I became a snoop because I have a knack for finding just about anything or anyone on the Internet. I've used this line a lot in job interviews. It landed me at a company you may have heard yodeled back in the day. I worked several related, but different, positions at this company, and each one had an element of customer knowledge that would make most people uneasy if they ever knew about it.

The first group I was hired into was looking for someone who was familiar with pirated material and who didn’t shy away from having to review websites or uploaded user content that contained all manner of the sorts of things the Internet was built for transmitting (you know, the bad stuff). I just wanted a job at this place, and didn’t much care what they wanted me to do. The fact that it involved illicit or pirated material was nerdy-cool-guy icing on the cake.


Excuse me, I believe you have my stapler...
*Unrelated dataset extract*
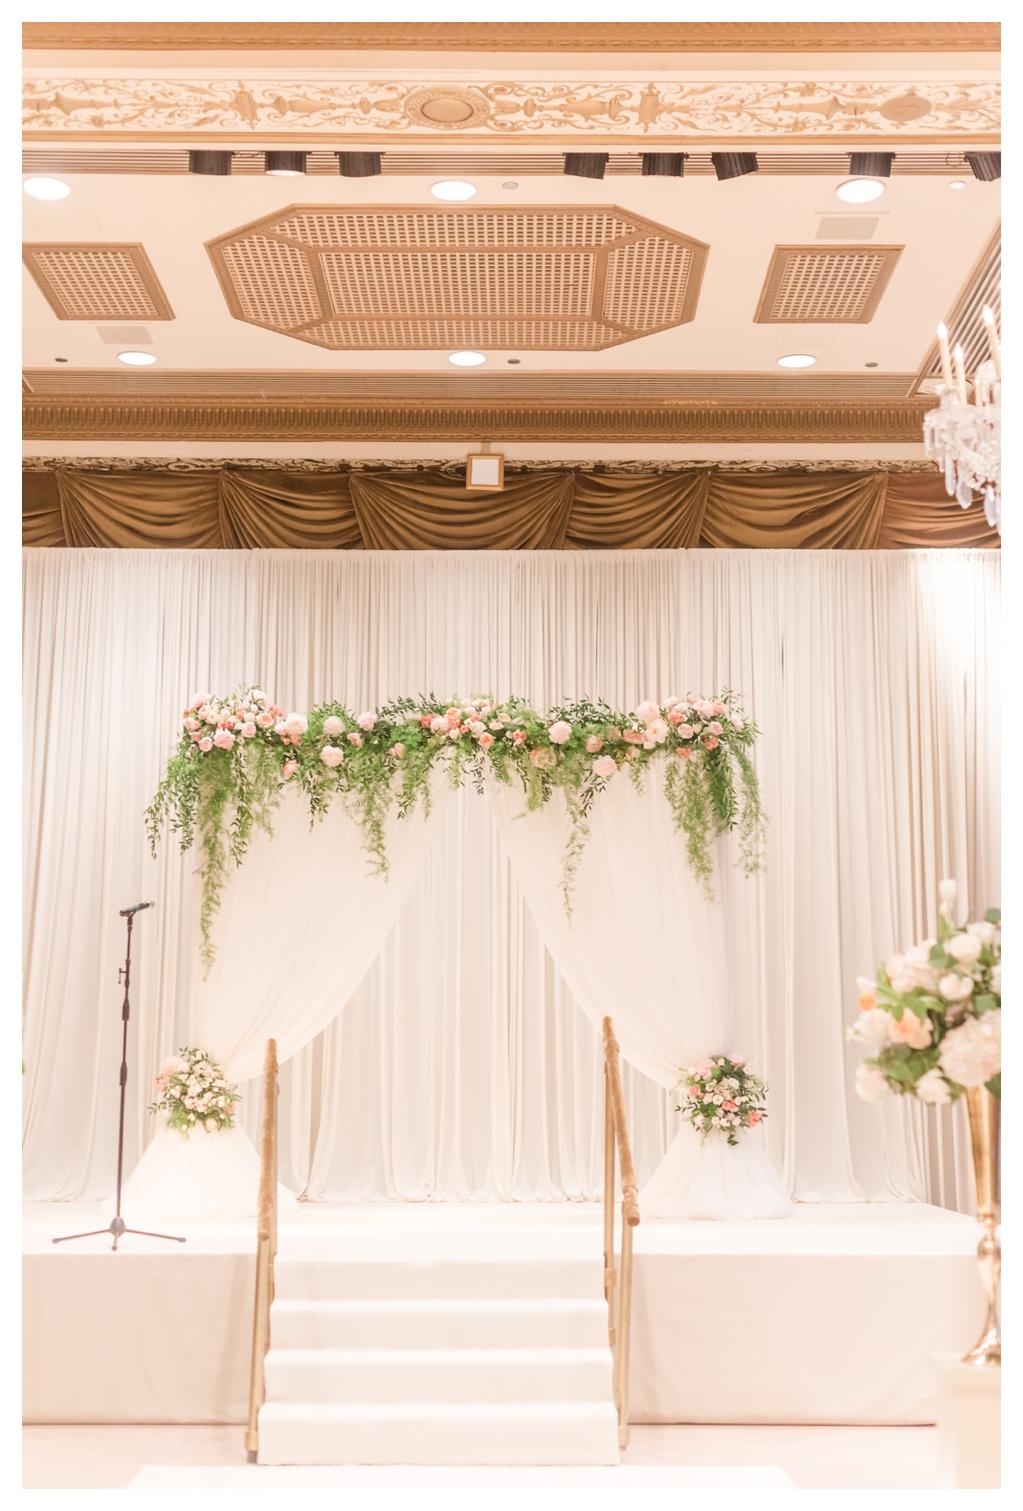 Drake Hotel Gold Coast Room Wedding_0358.jpg

My regular work involved identifying and tracking pirated material on our web servers and then working with our production engineers to remove it and create tools to make it harder for the pirates to exploit our servers. It was because of this level of involvement that I became a snoop. And much later, it was this experience that got me into my current lines of work. For better or worse, Internet snooping made my career.

At the turn of the last century most Internet companies did not yet have specific tools or procedures developed for addressing the vast amounts of pirated material being passed around the net. When I started doing this work I didn’t have any custom tools. The only way to identify material I suspected to be in violation of our terms of service was to log into the suspected user account and review the content. This usually involved logging into the "suspect" user's public directory on our server, but if you weren’t careful enough to log out each time, or accidentally went to check your own account (hey, you can’t tell me you worked at an Internet company and didn’t surf the web all day while at work. It’s called multitasking people!) you could log into their email account or another directory and see personal files or communications. Think of it like accidentally using the master key to a building instead of a designated key to just one office in that building.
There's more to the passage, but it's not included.